1.32 billion units of inventory

FTFY


It's interesting that static or dynamic automated security testing don't exist in their process.


when both the delivery (pipelines) and the units going in them (container images with deployment descriptors) are automated, its really easy and straight-forward to plug-in a variety of automated checks (e.g. https://github.com/coreos/clair, organizational policies, governance, etc)


I have to believe it is part of their pipeline.
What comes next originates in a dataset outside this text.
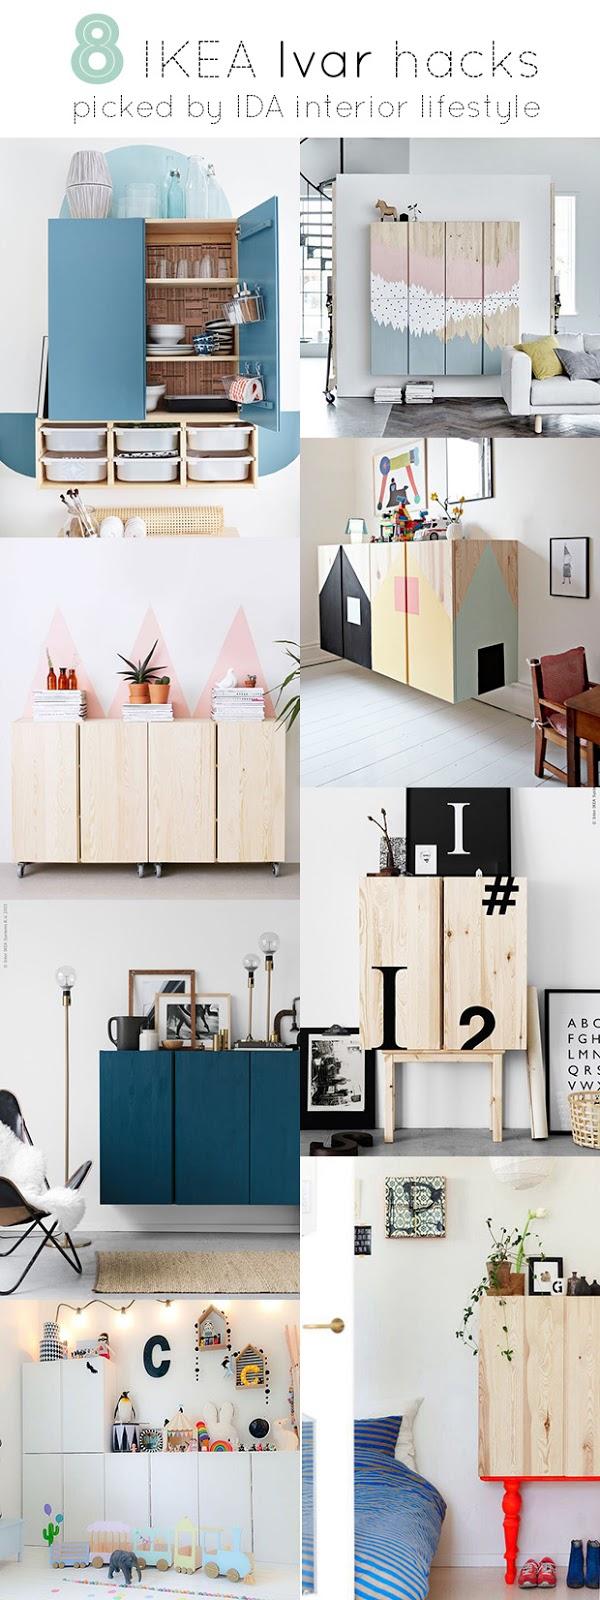 8 Ikea IVAR hacks | IDA Interior LifeStyle | Bloglovin\'

Even smaller companies do at least static analysis, if not much more.


"engineer productivity remained constant for both Android and iOS, whether measured by lines of code pushed or the number of pushes."

Both of those metrics are incredibly shit ways to measure productivity.

I guess thats one explanation as to why the facebook app is 200mb+. They've been superproductive with all those lines of code.

A better metric would rely on actual features or bugs, imo.


I think it's obvious that they're bad at a small scale (individually or for smallish teams, maybe < 30 engineers?), but I don't think they're _obviously_ bad for teams of 50+ engineers.

Also, there is a difference between using them as metrics that you want to raise vs metrics you just don't want to drop or fluctuate wildly over time.


Some people at Google are actually quite proud of six digit _negative_ line counts they've contributed. And I think they have every right to be proud of that.


Facebook has a "dead code society" t-shirt for these kind of single commit delete numbers as well :)


That’s why you track changes made.

Throughout my career imve found that number of changes comitted correlates pretty well with features delivered and bugs fixed. Also with feature and bug size.

Yes there are edge cases when it takes a day of debugging to make a 1-line fix, but those are rare. Just like it’s very rare to deliver a useful new feature by changing a single line.

Yes there are also features that are tracked as a real ticket and require a 1-line copy change and nothing else. Nobody thinks doing those makes you hella productive, it just needs to be done.

As for padding lines and changes. That’s what code review is for.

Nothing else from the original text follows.